**Assignment:**
Reproduce only this stretch of the listing below: from the line with "BrandOps Unified Brand Intelligence" through the line with "Silhouette of woman", exactly as written, with pictures excluded.
Segment Start: Data supplied
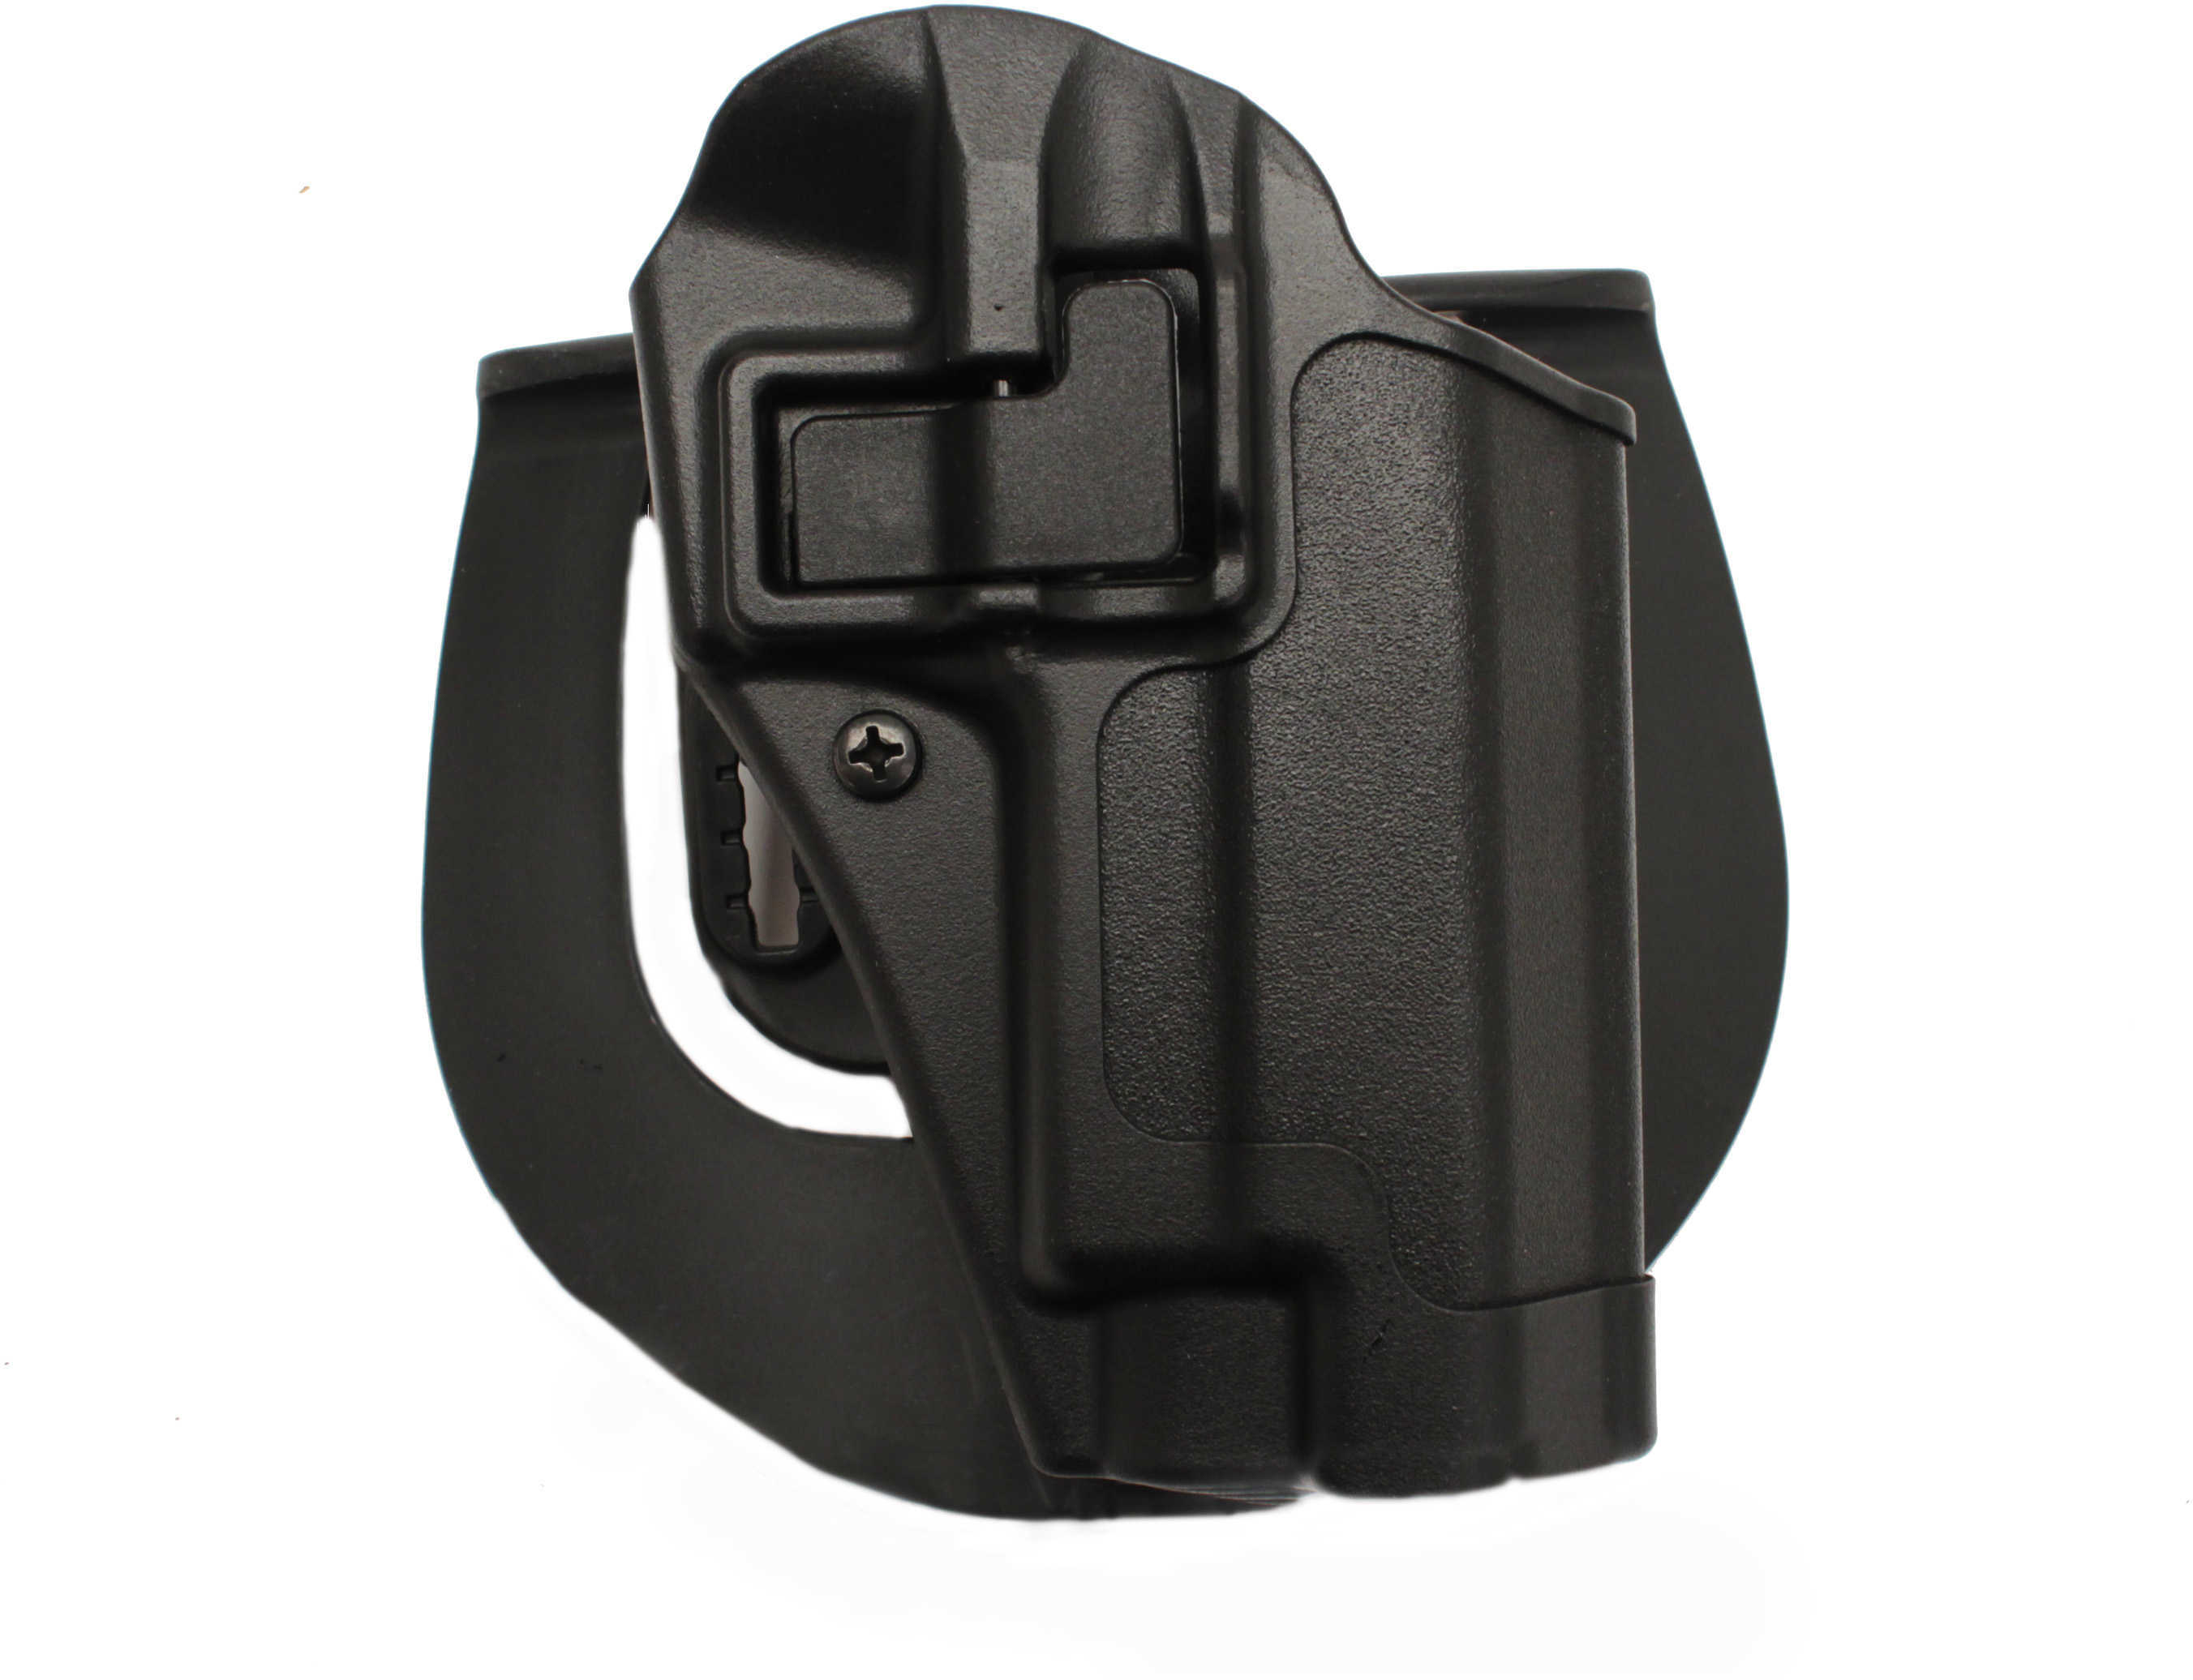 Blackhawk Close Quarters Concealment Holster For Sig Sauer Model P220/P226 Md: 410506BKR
Segment End: Data supplied
Segment Start: Data supplied
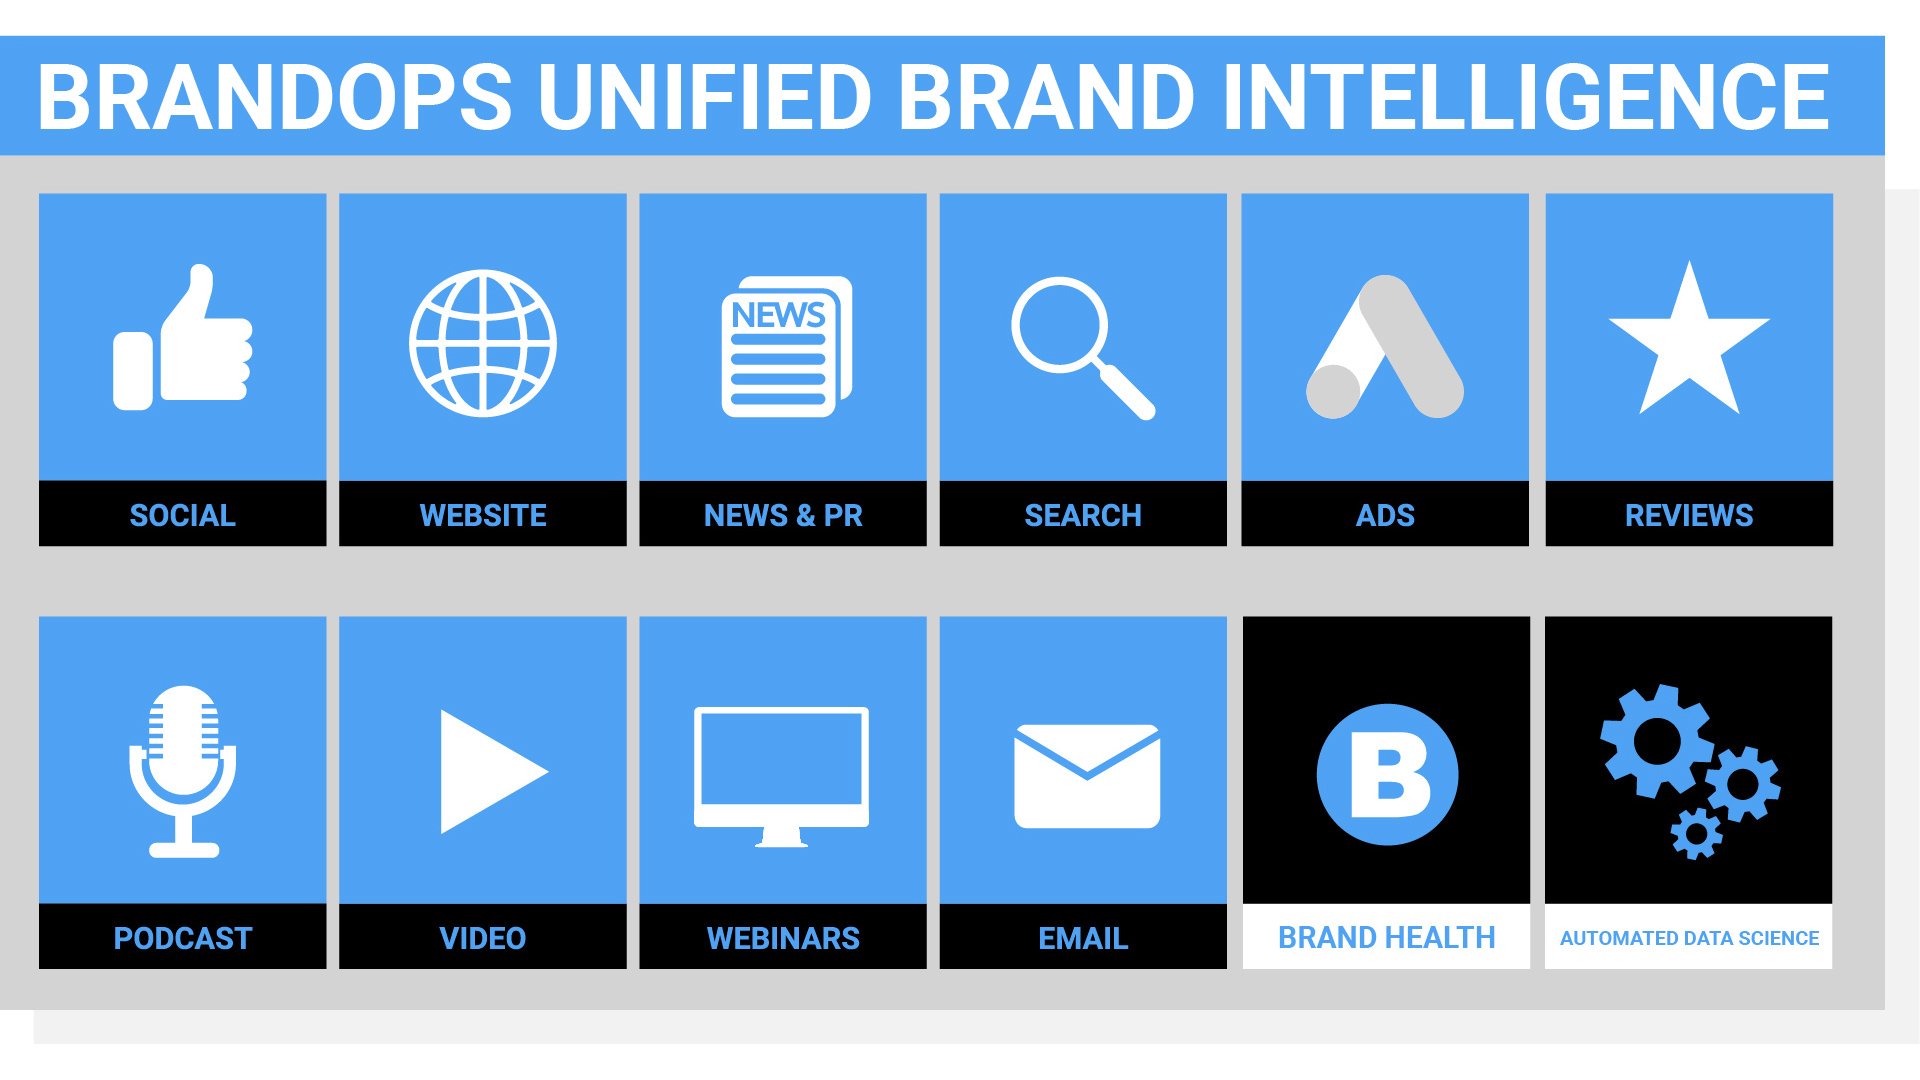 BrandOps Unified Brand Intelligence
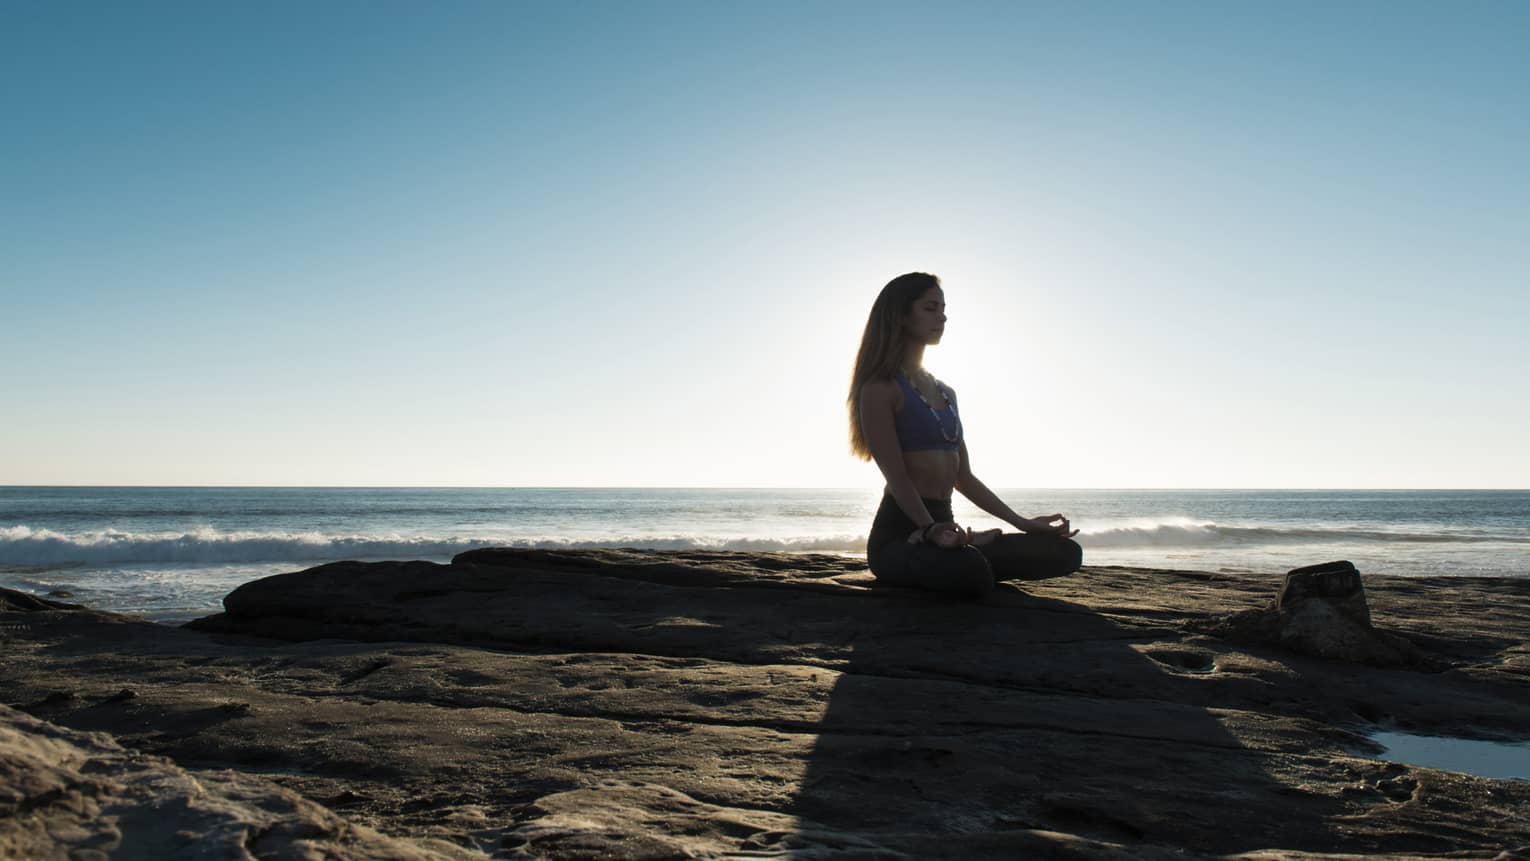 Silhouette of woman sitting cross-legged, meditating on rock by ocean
Segment End: Data supplied
**Written reply:**
 BrandOps Unified Brand Intelligence
 Silhouette of woman sitting cross-legged, meditating on rock by ocean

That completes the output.